PCIe
The simplest way is to increase the pressure. The PCIe time is obviously prolonged, and other time changes slightly.
The PCIe time in the timeline file is model@inputcopy in the figure.

Actual rate: The summary information is summarized in the pcie_*.csv file. (For details about how to capture PCIe information, see the document. The related variable is --sys-interconnection-profiling.) As shown in the following figure, Tx_p_avg is the input data, and the average rate is 99.628 MB/s.

Theoretical data calculation: Assume that the PCIe version is PCIe 5.0. The bidirectional transmission rate of each PCIe lane is close to 8 GB/s. Generally, the card interface is x4. Therefore, the theoretical maximum rate is close to 32 GB/s. The actual rate varies according to the size of the file to be transmitted. Generally, the maximum rate can reach 80% of the theoretical bandwidth. The actual bandwidth is closely related to the shape and size of the sent data.
Analysis Orientation
- Check the number of cards corresponding to a CPU and whether operations such as NUMA node binding can be performed to reduce the time required for PCIe preemption.

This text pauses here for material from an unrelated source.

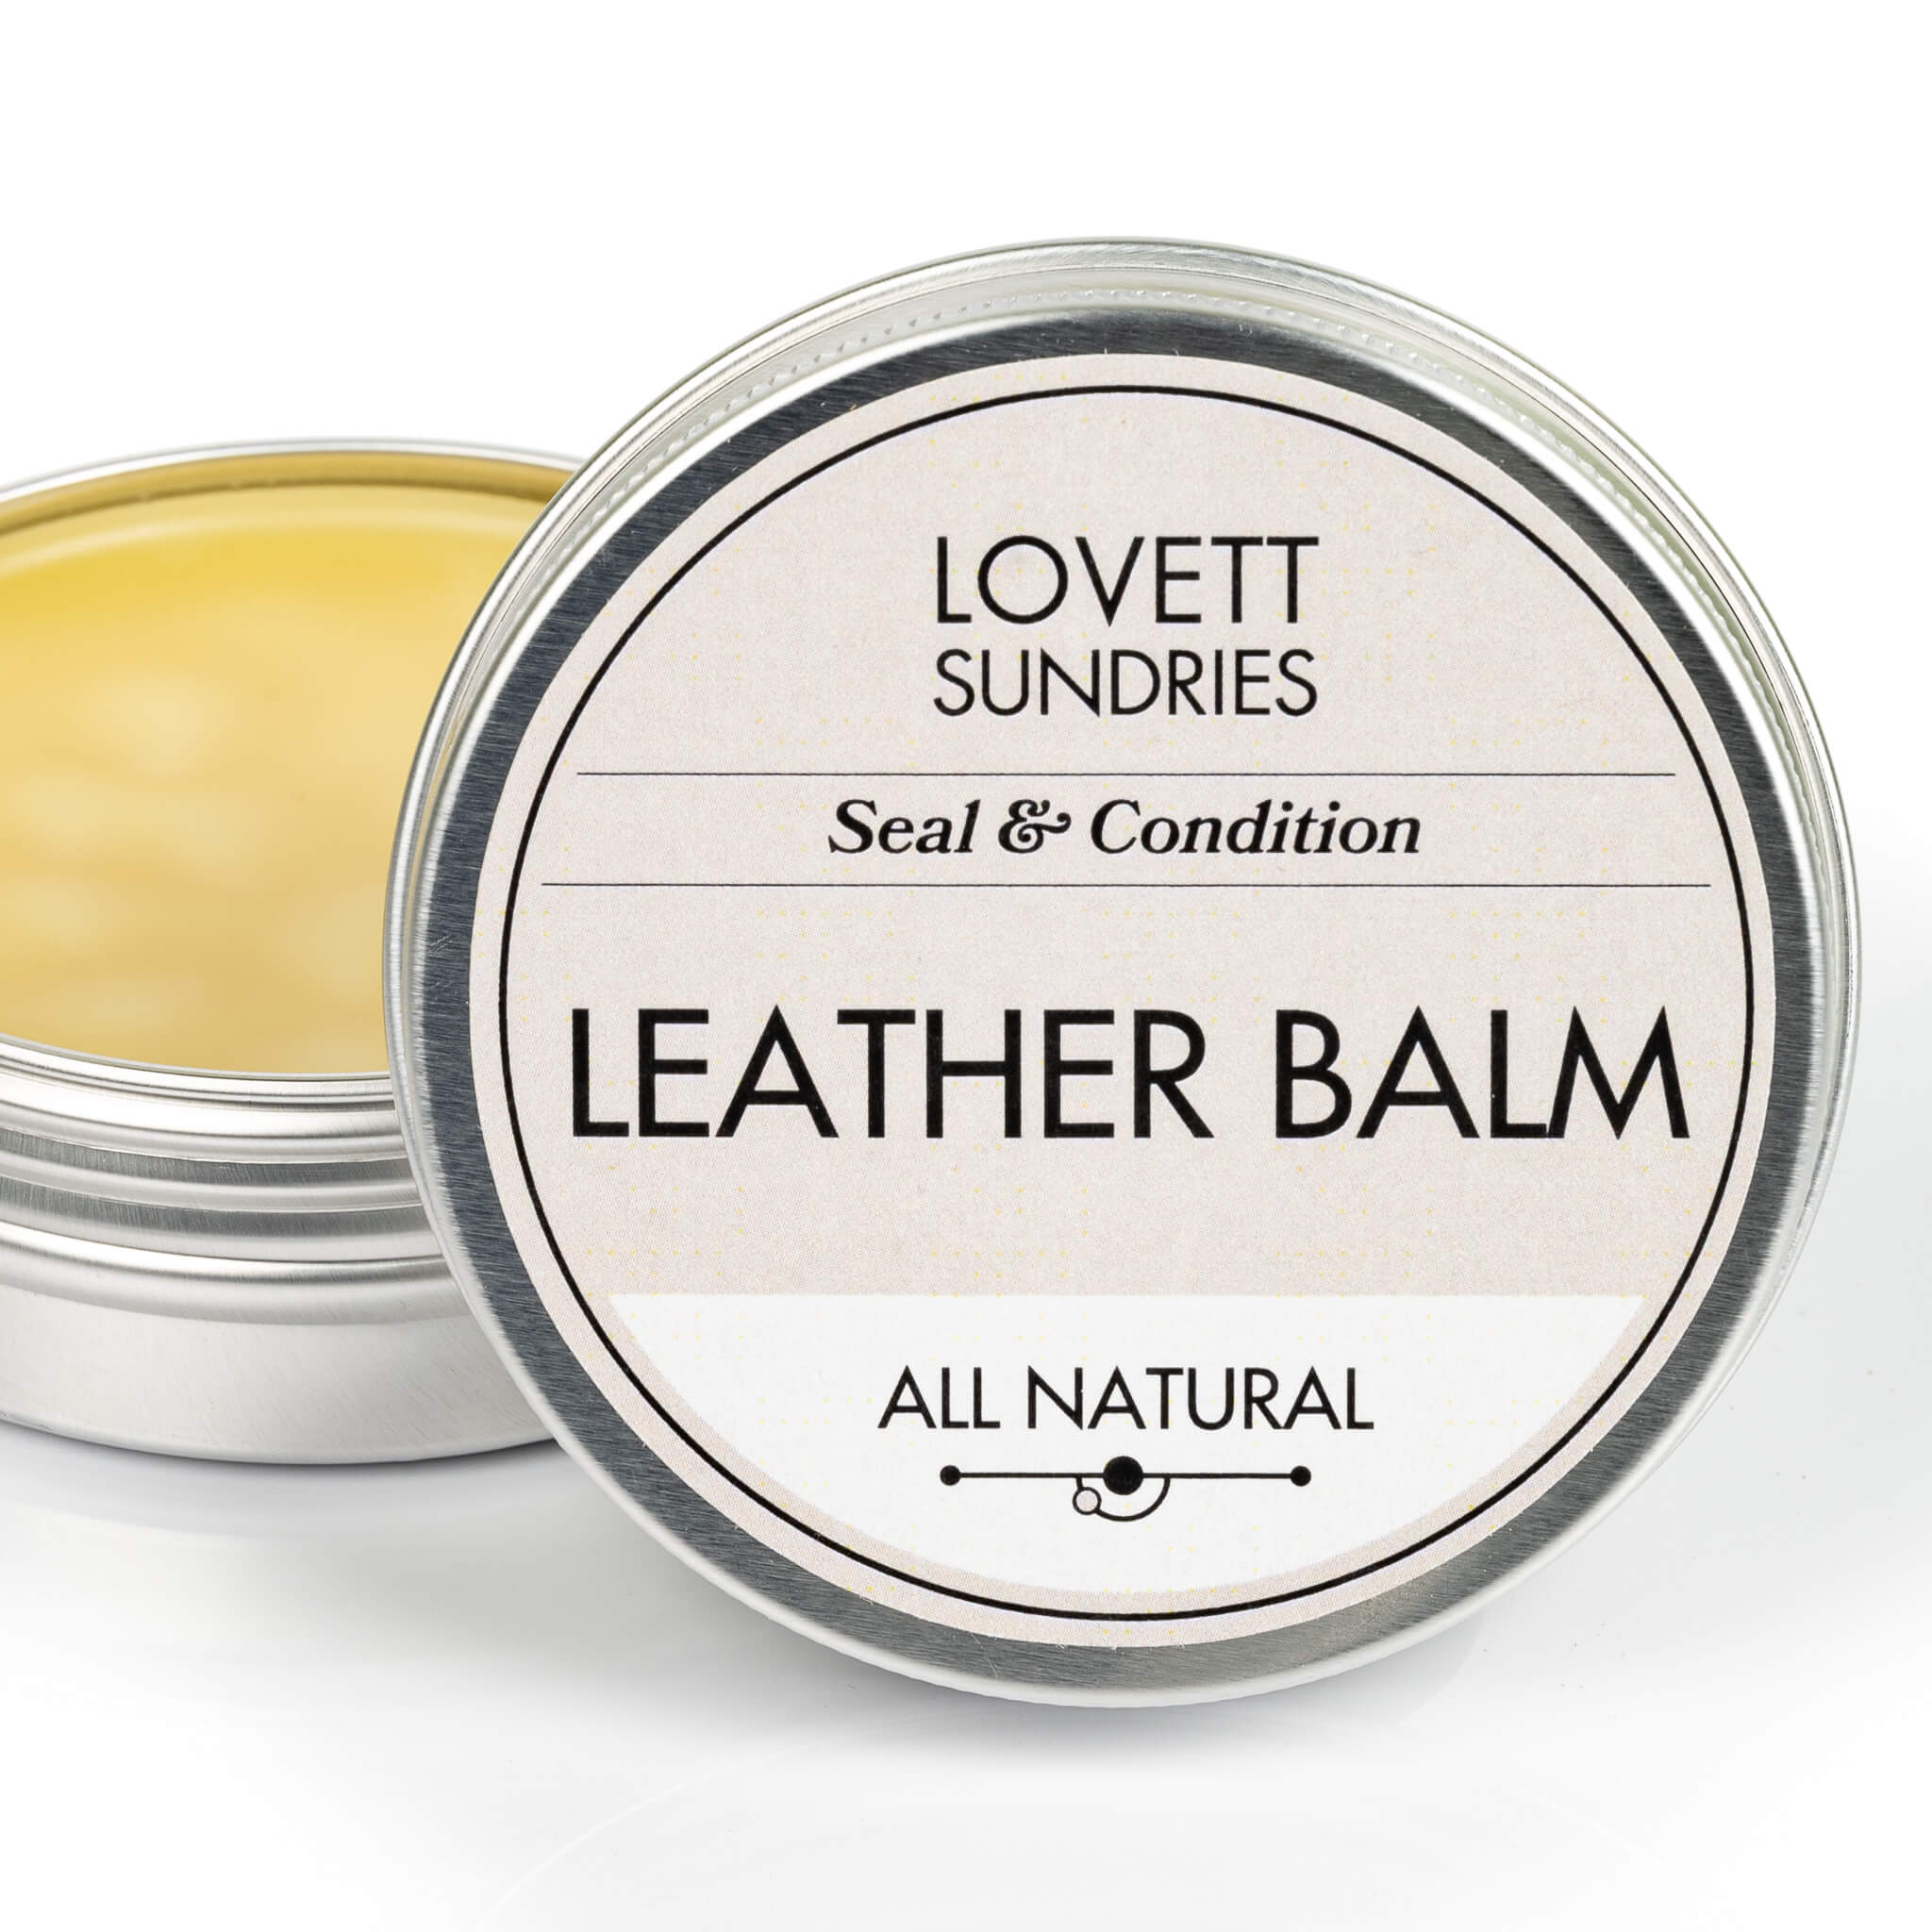 All natural leather balm that protects and conditions leather in a recyclable aluminum tin.

- Increase the batch size to reduce the proportion of PCIe transmission header overhead.
- Reduce the data format from float32 to float16. (Check whether the accuracy meets the requirements or is accepted by the customer.)
- On the host, combine the data and convert the transmission of small data blocks into the transmission of large data blocks. (The GE framework has this function. If the customer calls the aclrt interface, the customer needs to implement this function.)